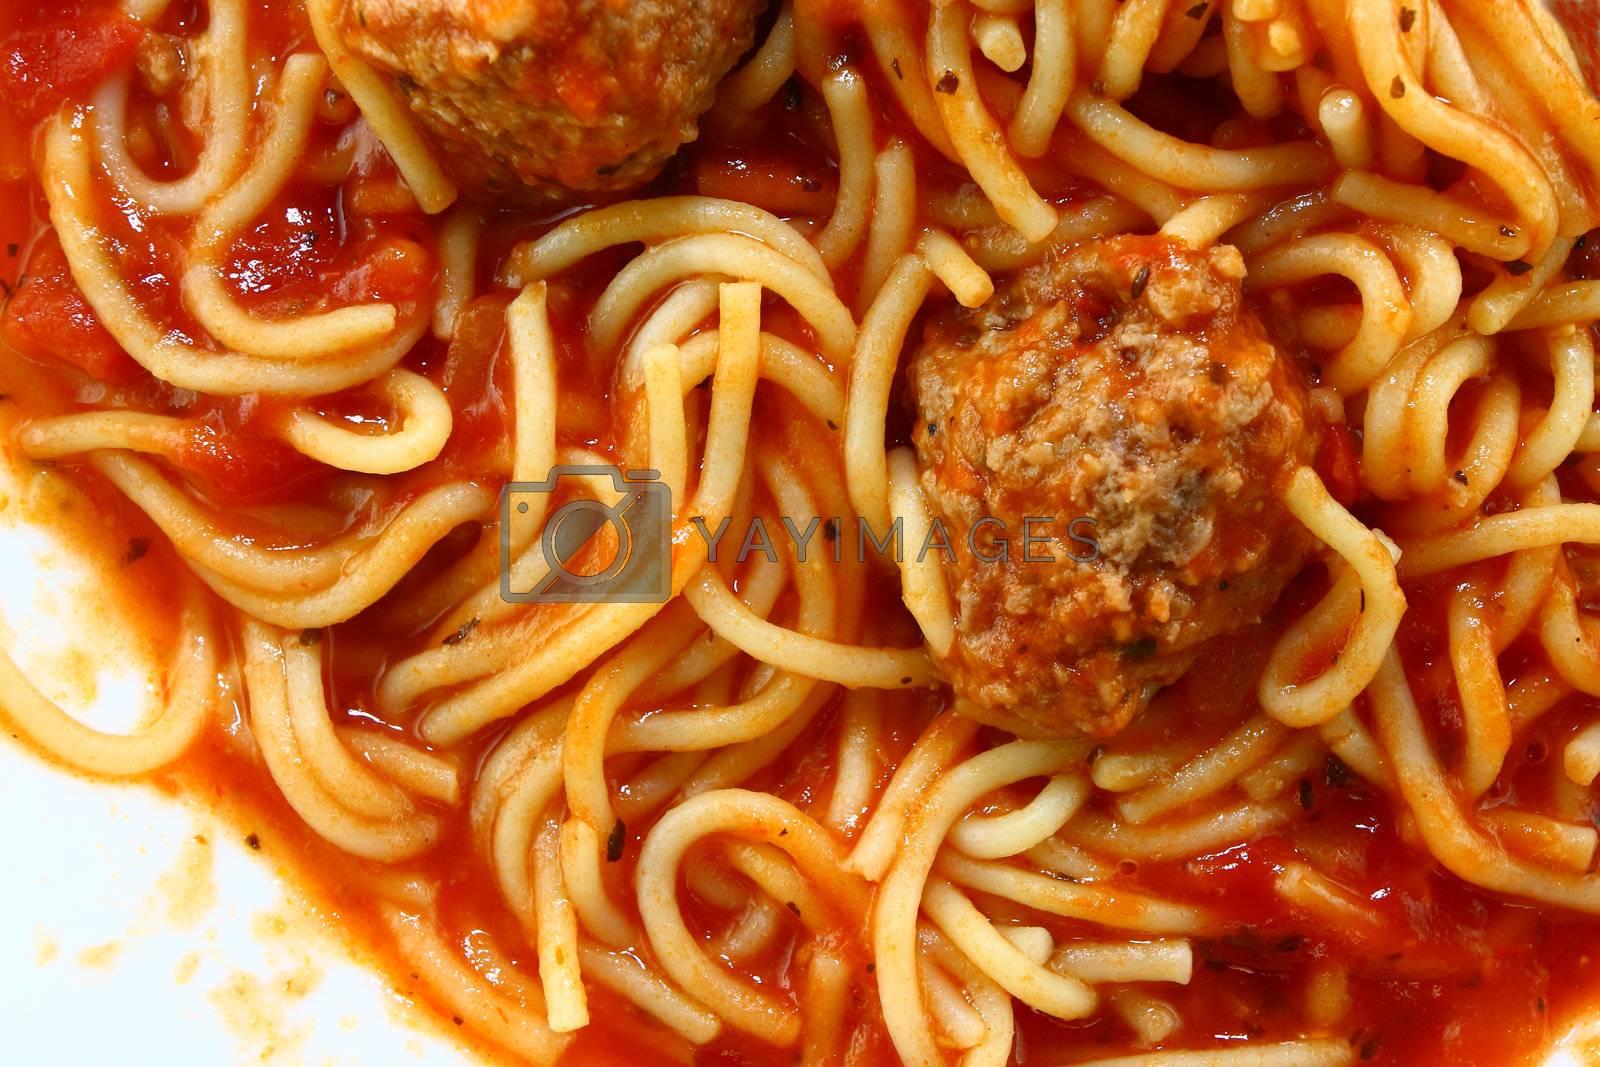 Spaghetti macro, overhead shot.
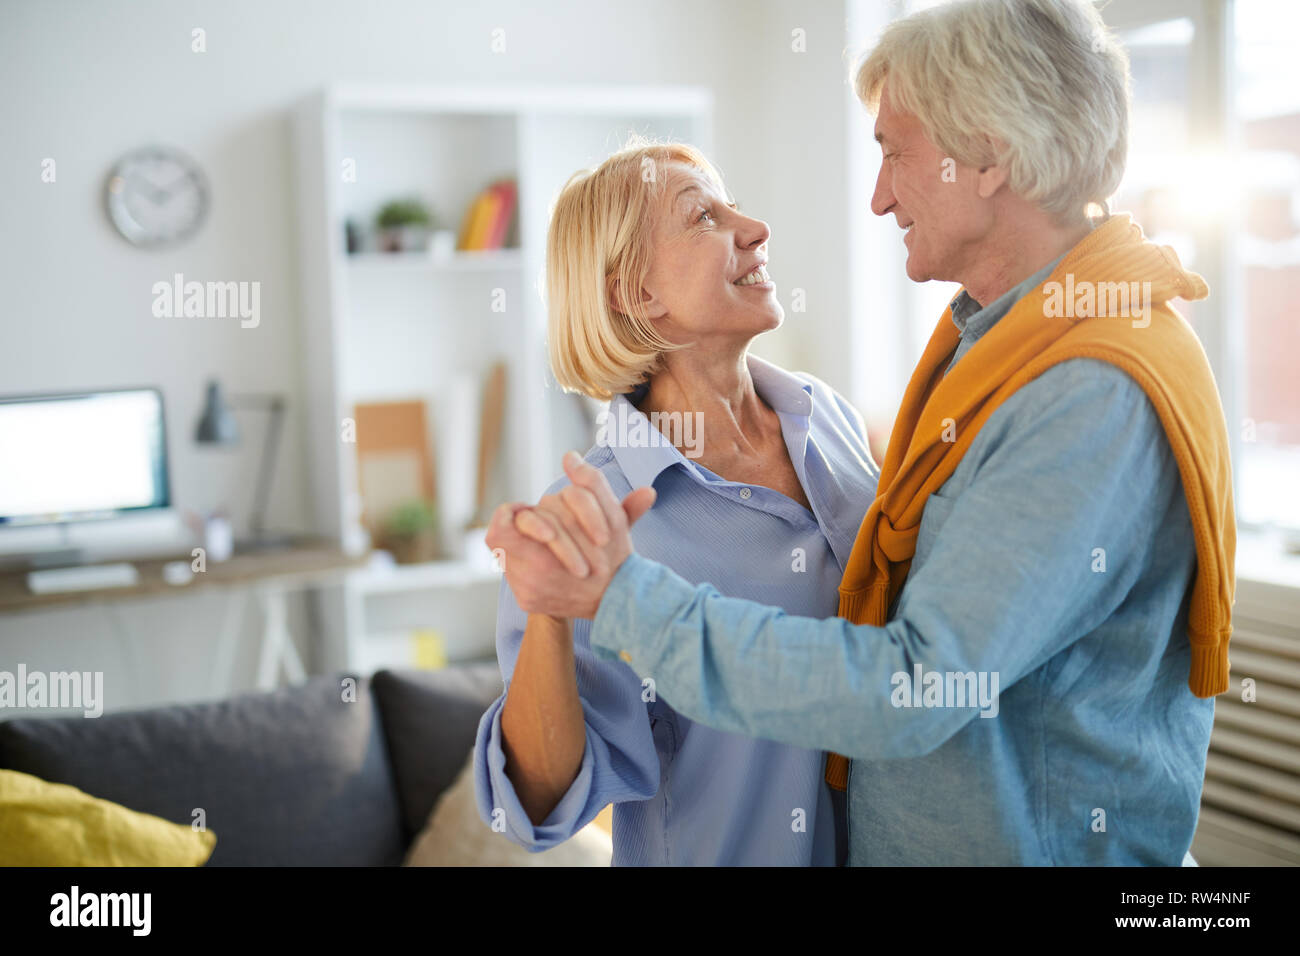 Reifes Paar tanzen zu Hause Stockfoto
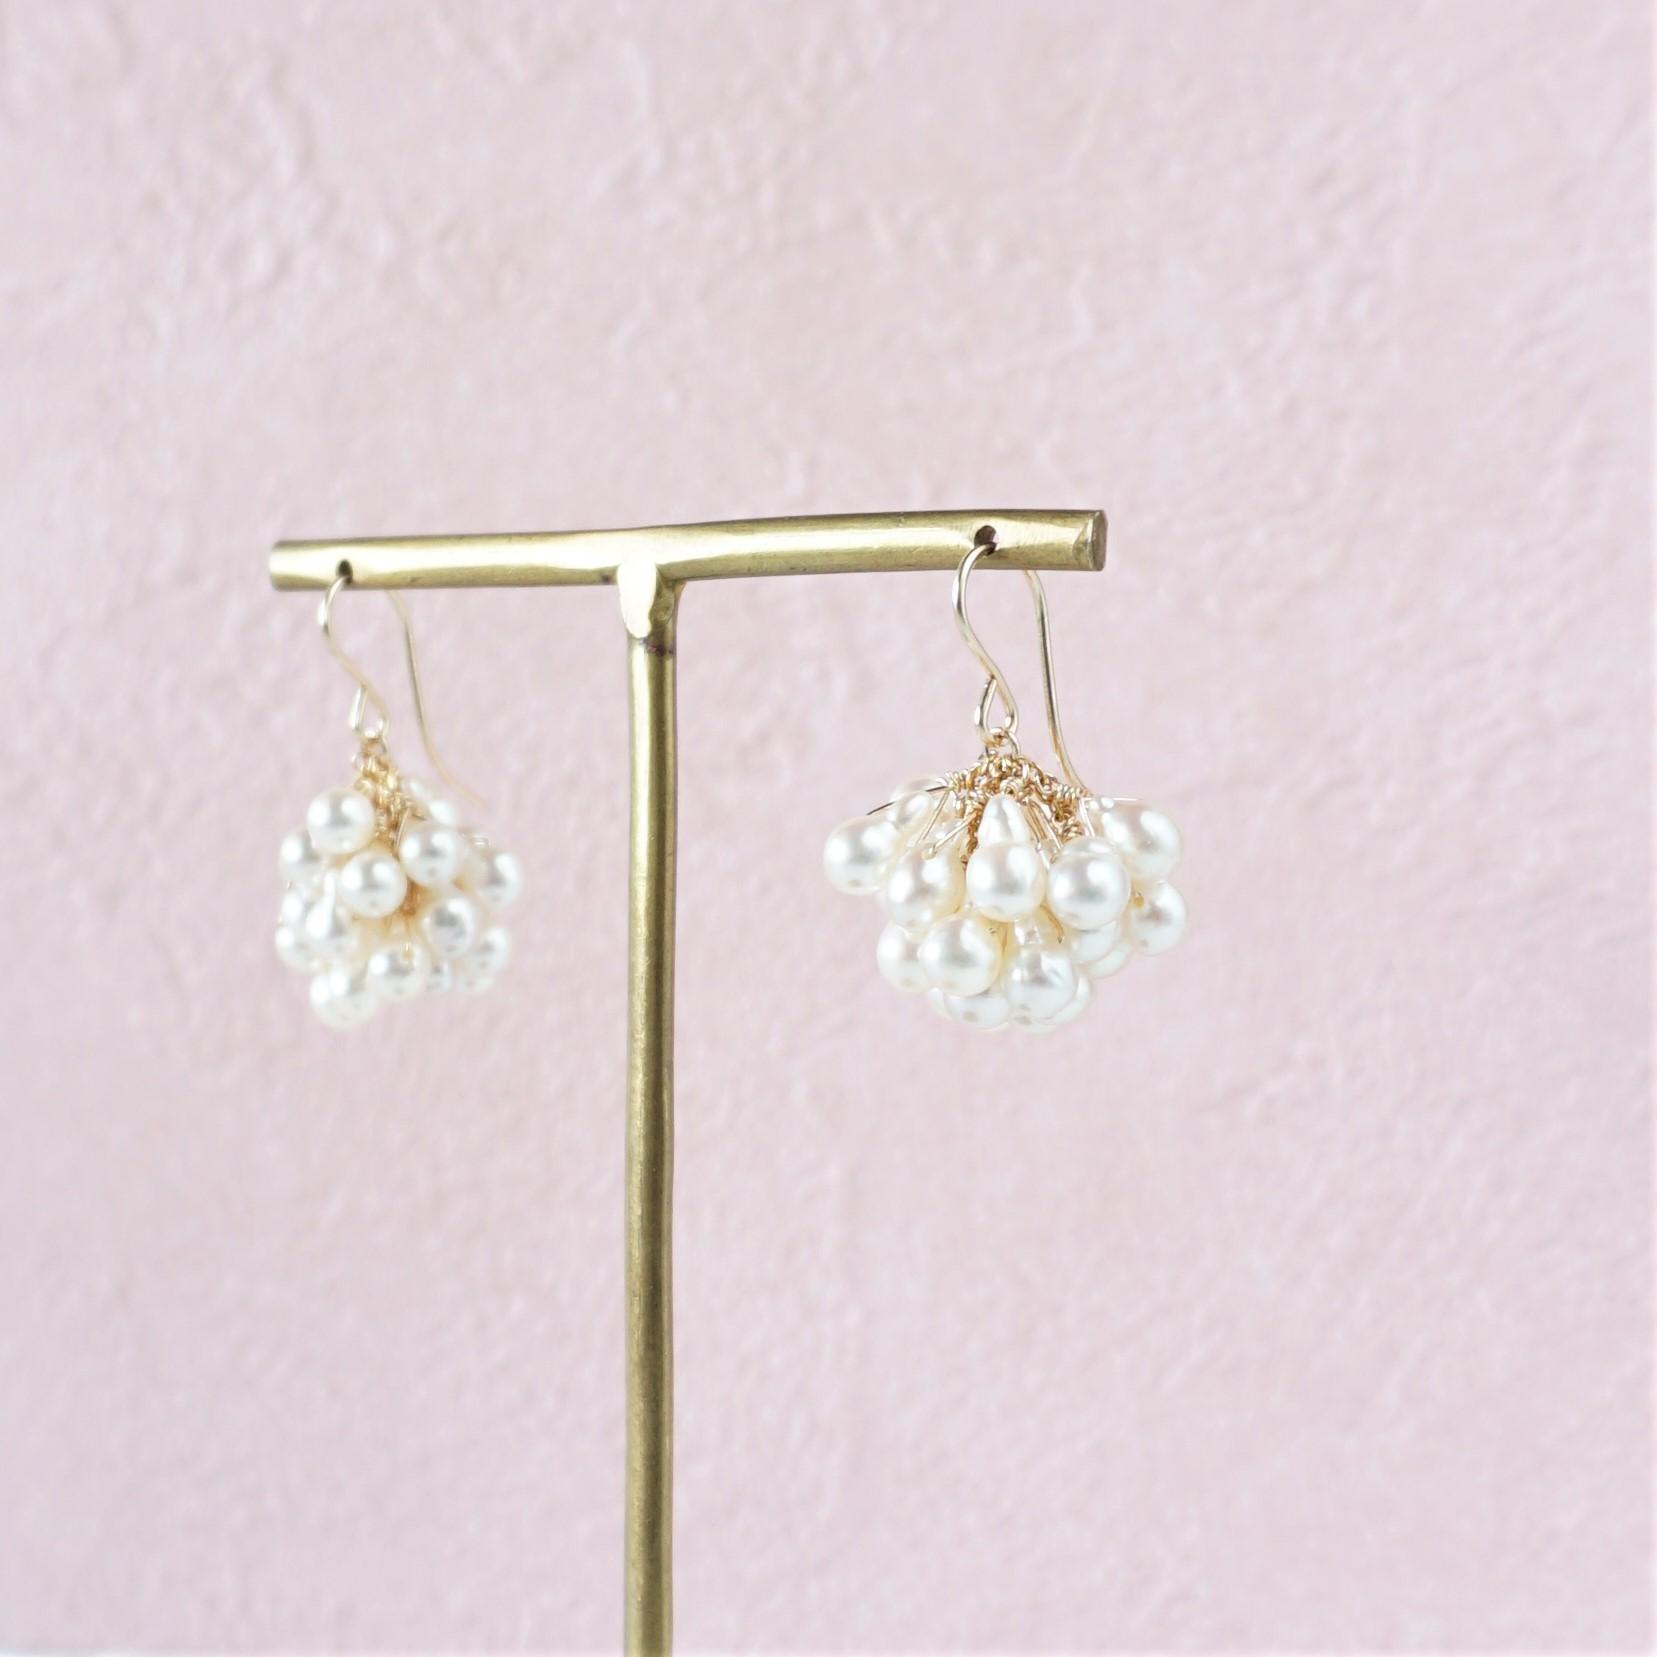 送料無料14kgf*Akoya volume pearls pierced earring / earring
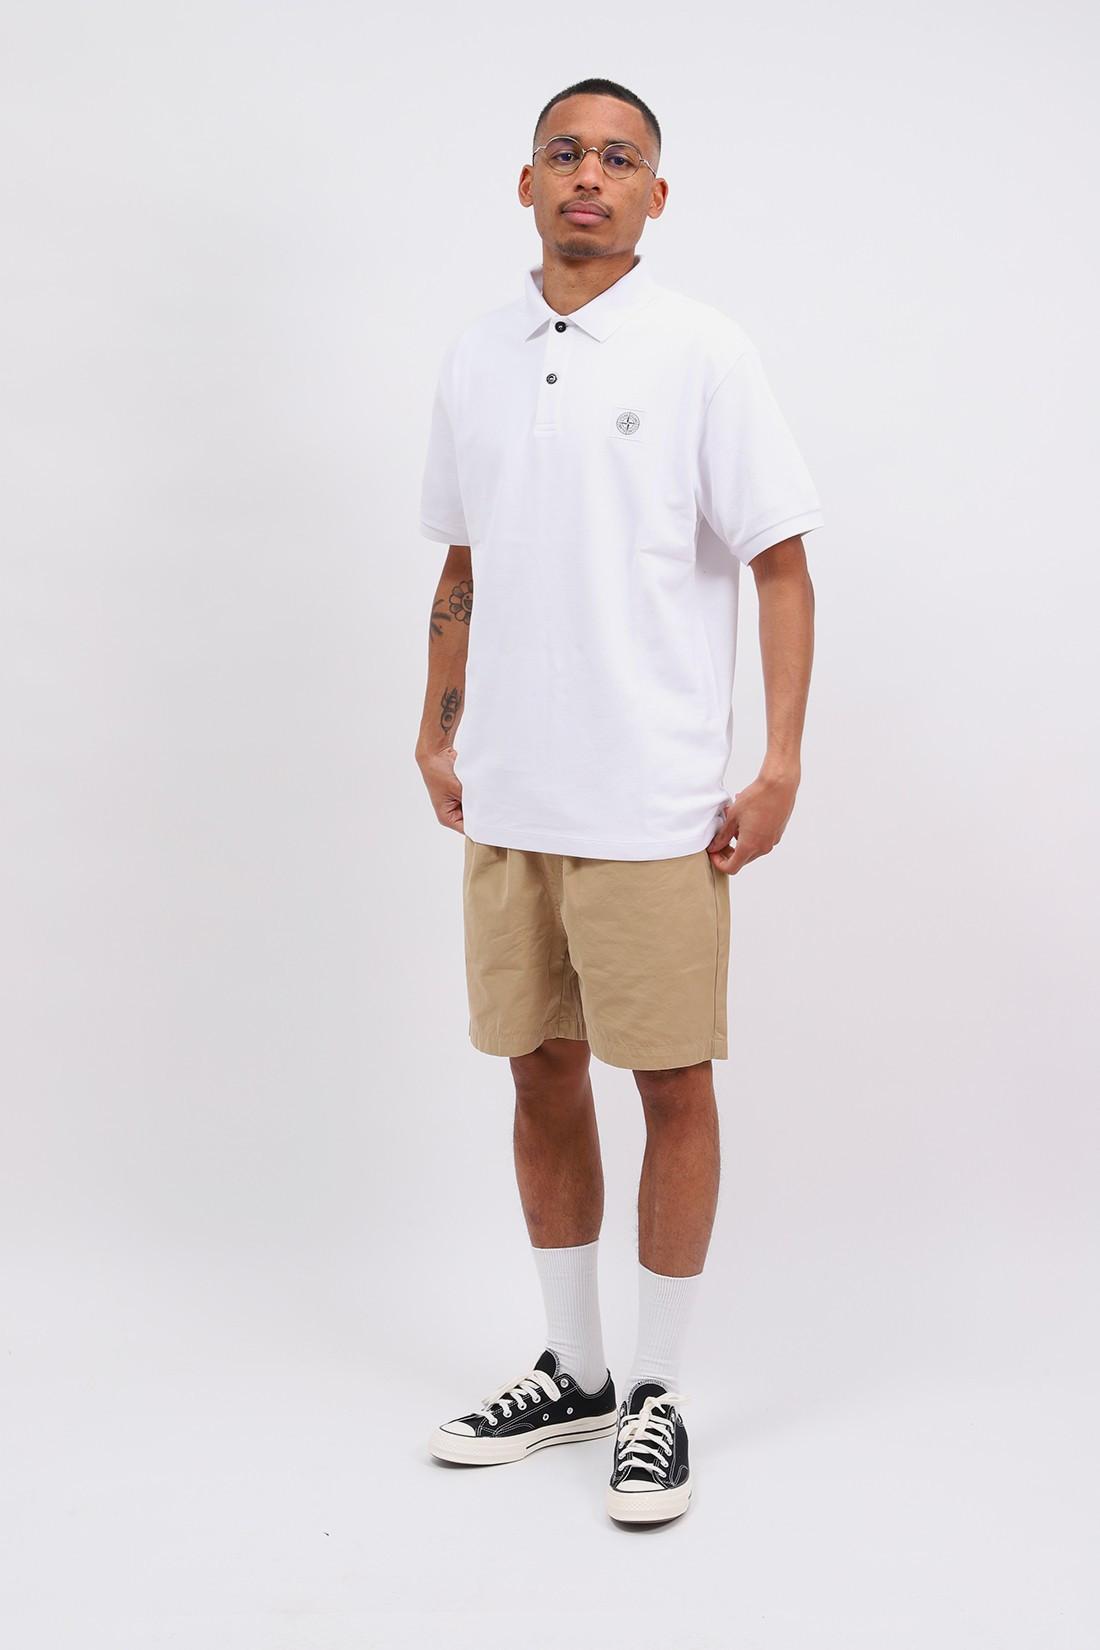 STONE ISLAND / 22r39 polo shirt v0001 Bianco
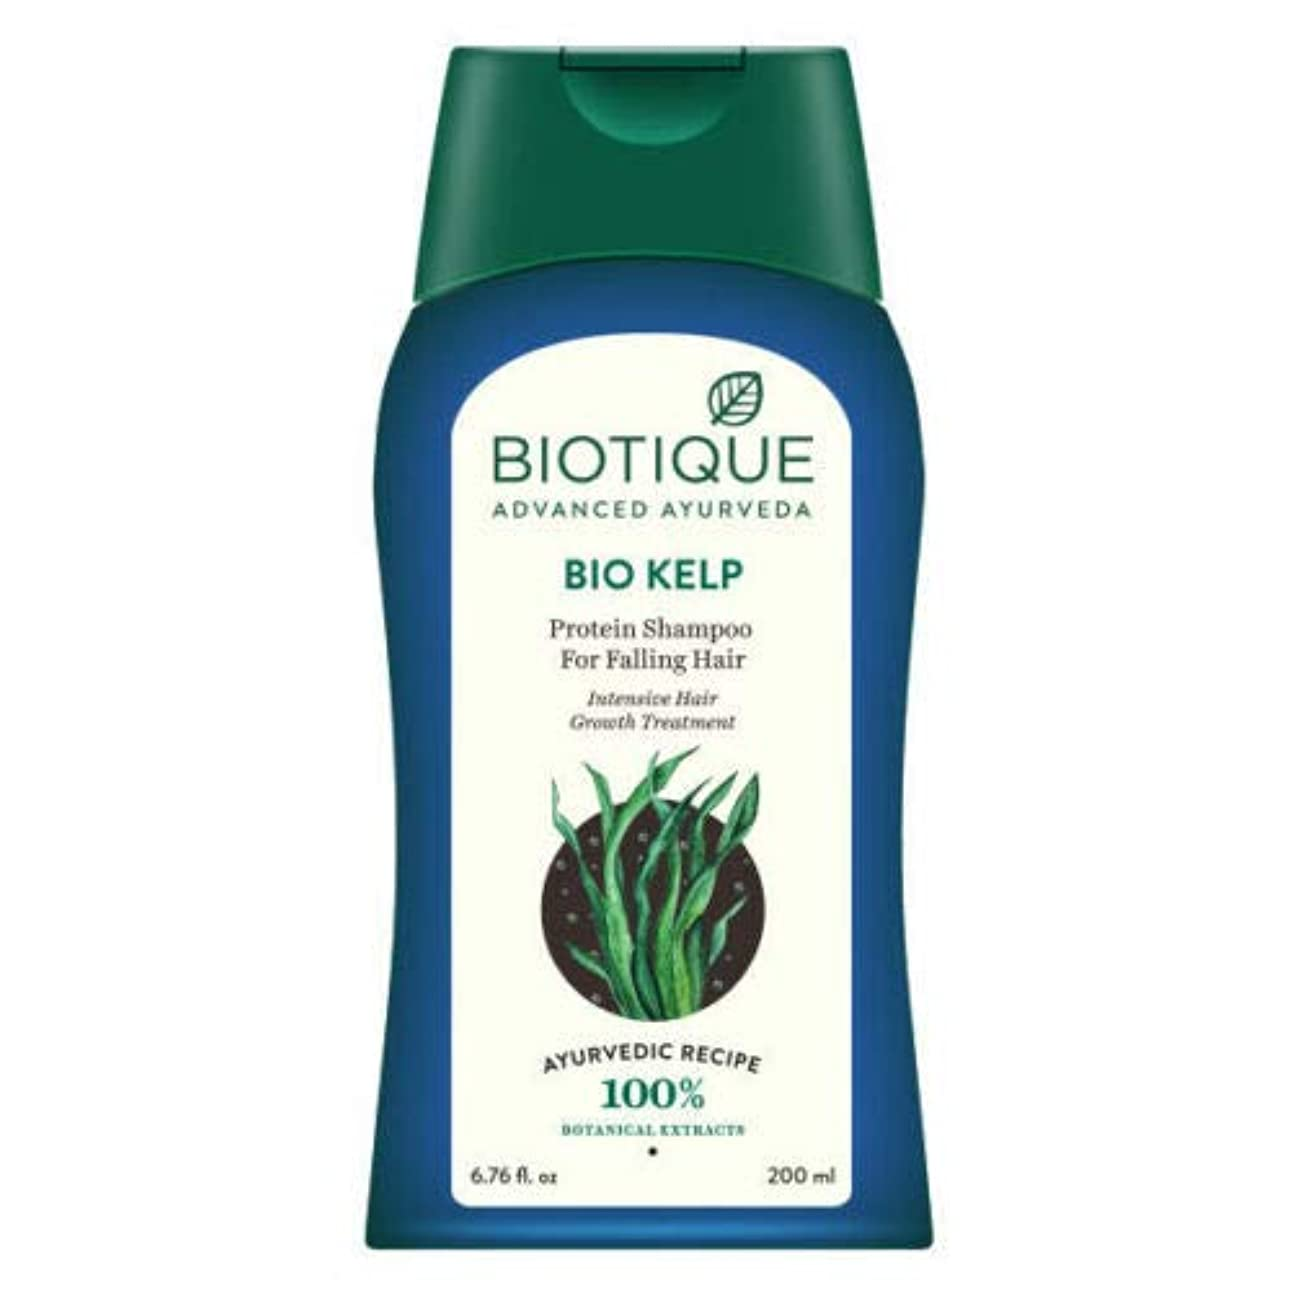 Biotique Bio Kelp Protein Shampoo For Falling Hair (200 ml) 100% Natural Recipe 落下の毛100%の自然な調理法のためのBiotiqueのバイオケルプ...

GOAL OF THE EXERCISE ::
Up to and including the line with "STONE ISLAND / 22r39 polo shirt v0001 Bianco", repeat every line from the top of the entries exactly, but not the pictures.

ANSWER BELOW ::
 Spaghetti macro, overhead shot.
 Reifes Paar tanzen zu Hause Stockfoto
 送料無料14kgf*Akoya volume pearls pierced earring / earring
 STONE ISLAND / 22r39 polo shirt v0001 Bianco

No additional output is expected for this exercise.